Thursday, August 24, 2006

Thursday's Notes

Thursday's Notes

I. A paragraph filled with parenthetical musings:

Your old pal Tommy's been working hella hard (another manager had a kid this week, so I've been covering for him), writing other junk (and after this morning's completely unproductive time spent, I emphasize the word "junk.")and working his way through Season 8 of the Simpsons (which I'm enjoying a bit more than I'd thought...still some good stuff in season 8).

II. A small twist on that first paragraph:

Actually, that last part's not true. I've not been watching the whole season. I'm watching the same episode over and over...the one where Marge becomes the "Answer Lady" at church, and Homer finds a box of Japanese Dish Detergent with his face on it.

Mostly, I just watch the part where Homer nods off in the middle of the Rev.
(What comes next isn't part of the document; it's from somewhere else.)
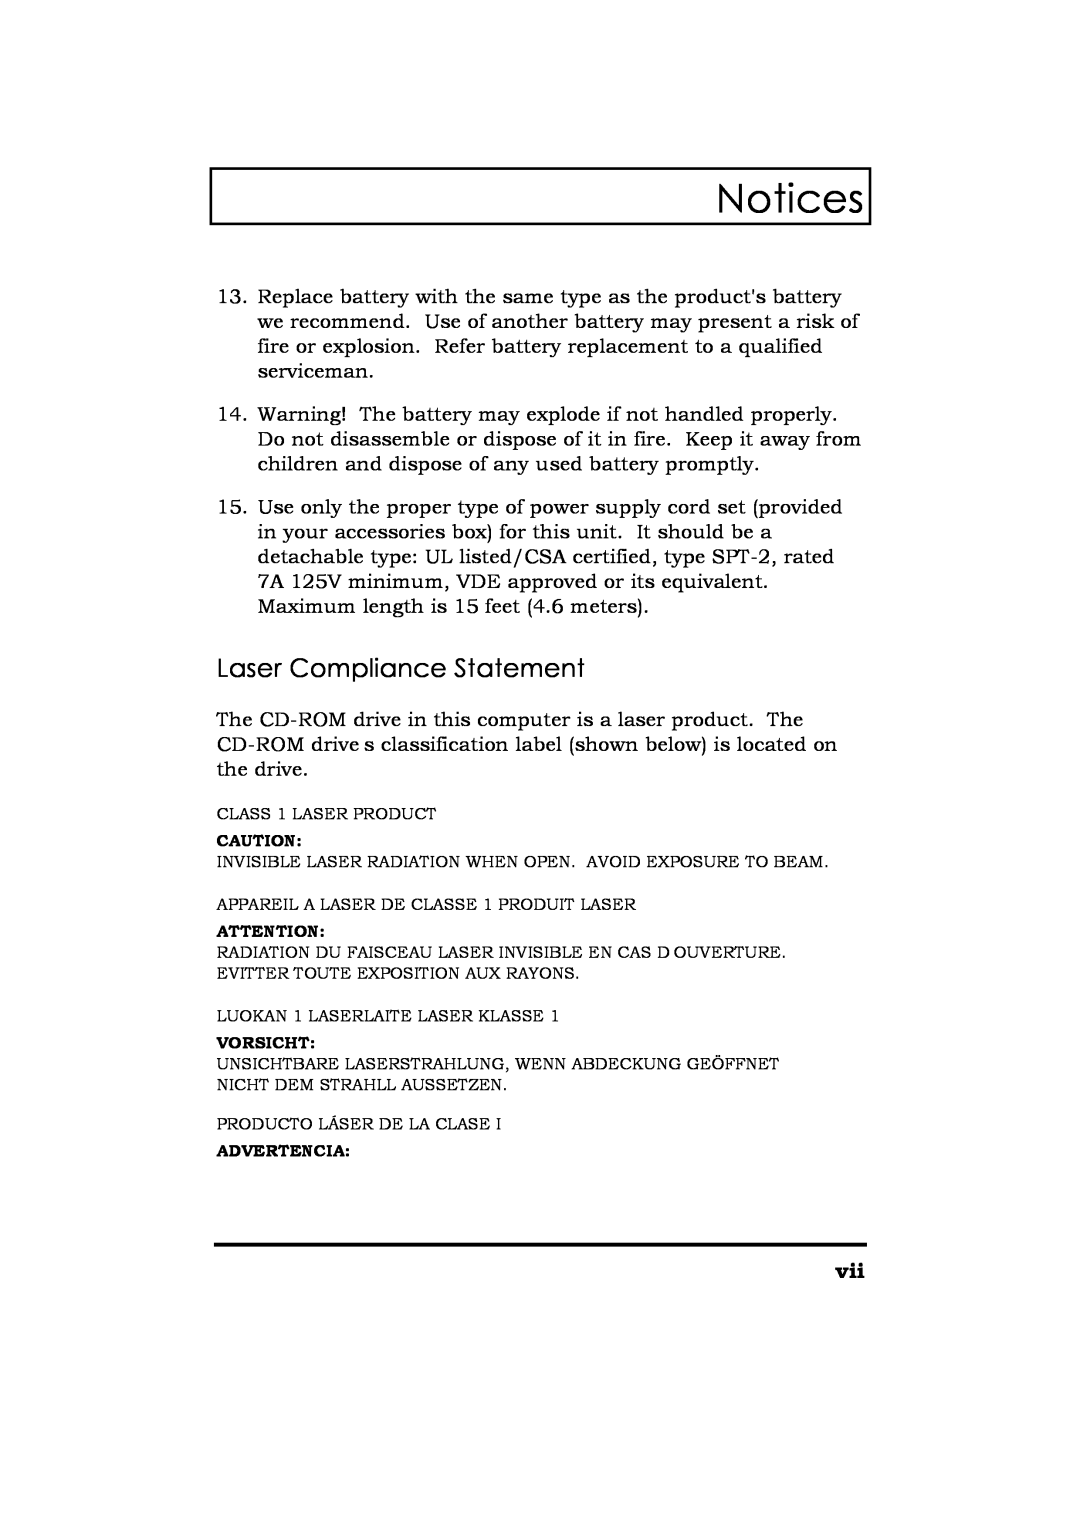 Acer Extensa 365 manual Laser Compliance Statement, Notices, Vorsicht, Advertencia

Lovejoy's sermon, and falls forward onto the pew ahead of him, and interrupts the preaching with a surprised "Dammit!"

One of the best curses ever on TeeVee.

III. A false wrap-up:

So. There you have it.

IV. Second Beginning:

Oh. I have an outbreak of poison ivy. Which is an odd occurrence, because it doesn't normally affect me. I've literally rolled around in the junk and come away scott free. There are folks in my family who can simply look at poison ivy, and break out from head to toe, so I'm not gonna bitch much.

My outbreak is down around my ankles, which means I either picked it up in the park, where that sneaky ivy must have reached out across the path where I walk...or one of the dogs at my folks' house had just traipsed through it before it decided to sit on my feet.

V: Wrap up the post with an outrageous lie

I don't scratch the ivy. Though I'm pricechecking saw rentals, in the case I need to amputate below the knee.